Karl Engisch (15 March 1899 – 11 September 1990) was a German jurist and a Philosopher of Law. He was described by Hans Joachim Hirsch as one of the "outstanding theorists of criminal justice of the [twentieth] century" ("herausragenden Strafrechtstheoretiker des vergangenen Jahrhunderts").

== Life ==
Karl Engisch was born in 1899 in Gießen, a mid-sized university town north of Frankfurt. Friedrich Engisch (1871–1943), his father was a lawyer. He passed his Abitur (school final exams) which would normally have opened the way to a university education, but these were the war years, and the eighteen-year-old was now sent to take part in the fighting. He was wounded twice.

After the war, he studied law at the University of Giessen and the Ludwig-Maximilians-Universität München between 1918 and 1921. His teachers included Wolfgang Mittermaier, Leo Rosenberg, Ernst Beling and Reinhard Frank. From very early on, Engisch was strongly drawn not so much to the mainstream Jurisprudence curriculum but to the philosophy of law, seen then as now as more of a niche specialism. Two leading scholars who particularly influenced him in this field were Max Weber at the Ludwig-Maximilians-Universität München and Ernst von Aster at the University of Giessen.

During his time in Gießen, Karl Engisch, like his younger brother, Ludwig Engisch (1900–1957), was a member of the "Corps Hassia" fraternity. In 1924, Karl Engisch received his doctorate. Supervised by Otto Eger, his dissertation concerned Imperative Theory, an aspect of Legal Philosophy, and a theory which German sources impute to Jeremy Bentham and John Austin. He undertook a Rechtsreferendariat (loosely "training, clerkship or under articles") period between 1924 and 1927, working in his father's law practice. He took on criminal law cases.
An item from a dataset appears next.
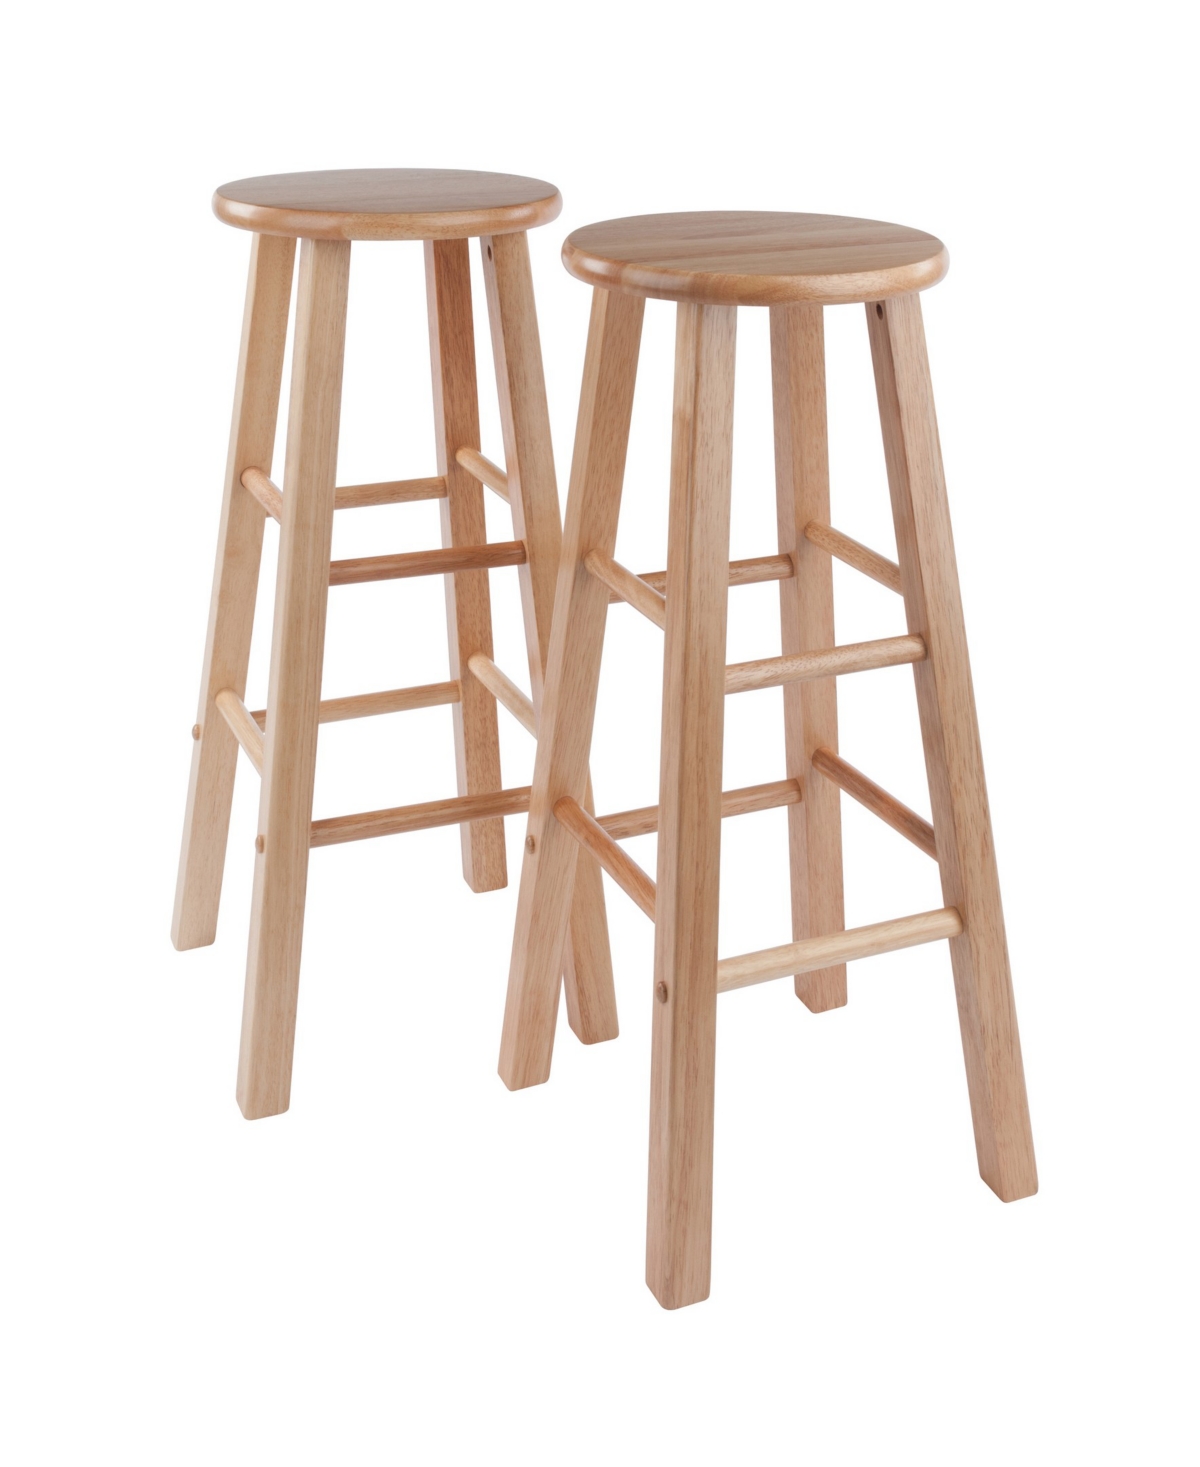 Winsome Element 2-piece Wood Bar Stool Set In Natural

In 1929, he received his habilitation (higher academic qualification) at the University of Giessen. His work was supervised by the criminologist Wolfgang Mittermaier (1867–1956) and comprised a substantial monograph on criminal intent and negligence which even today, despite dramatic swings back and forth in the evolution of criminal sciences in the intervening decades, continues to be regarded by admirers as a standard work in its field.
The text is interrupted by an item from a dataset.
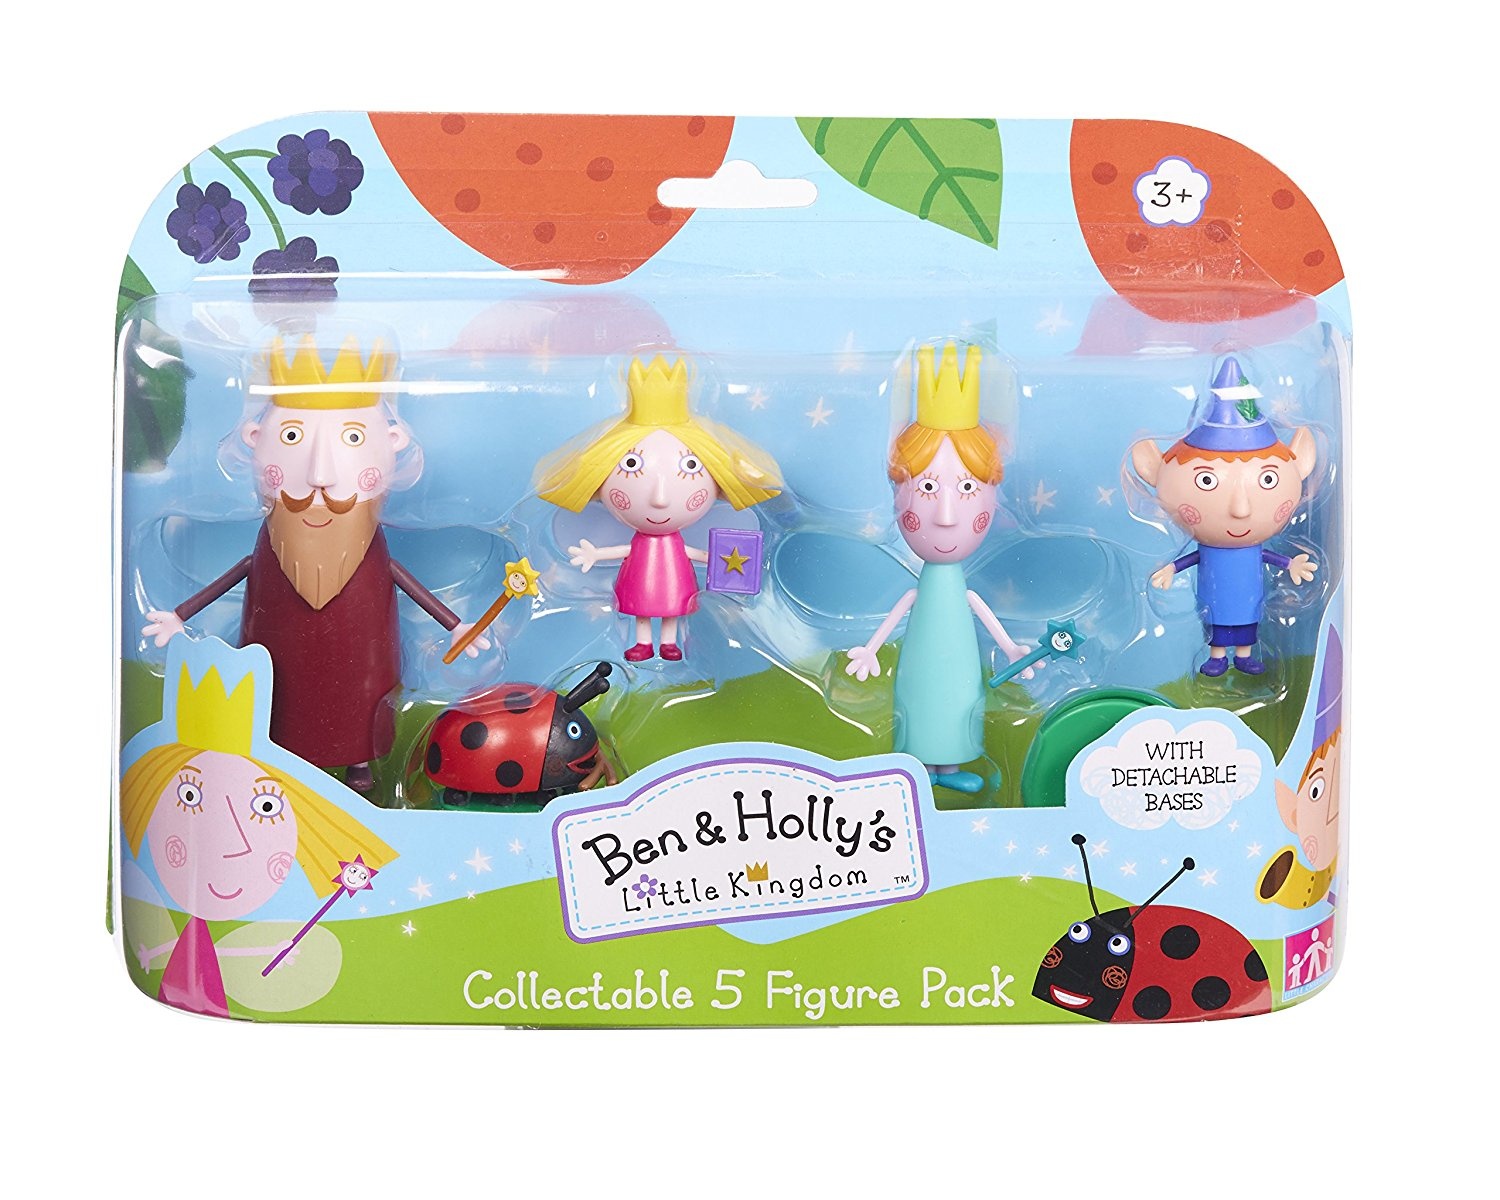 Holly s little kingdom. Ben and Holly's little Kingdom. Hollys little Kingdom игрушка. Бен и Холли фото. Набор Бен и Холли.

A powerful influence during this period was the Munich-based criminologist Ernst von Beling, to whom Engisch later dedicated his "Logische Studien zur Gesetzesanwendung" (loosely: "Logical studies in the application of law"). He accepted teaching posts in Criminal Law at the University of Freiburg (1929) and the Ludwig-Maximilians-Universität München (1932). In October 1933, he returned to take up a criminal law teaching post at the University of Giessen.

The Nazi seizure of power in January 1933 was followed, in April 1933, by the so-called "Law for the Restoration of the Professional Civil Service" ("Gesetz zur Wiederherstellung des Berufsbeamtentums"). The law was progressively implemented across the civil service (which in German included the universities sector) over the next few months. The man who held the teaching chair in Criminal Law at Heidelberg University, Gustav Radbruch, had been a government minister during the early 1920s. He was a Social Democratic.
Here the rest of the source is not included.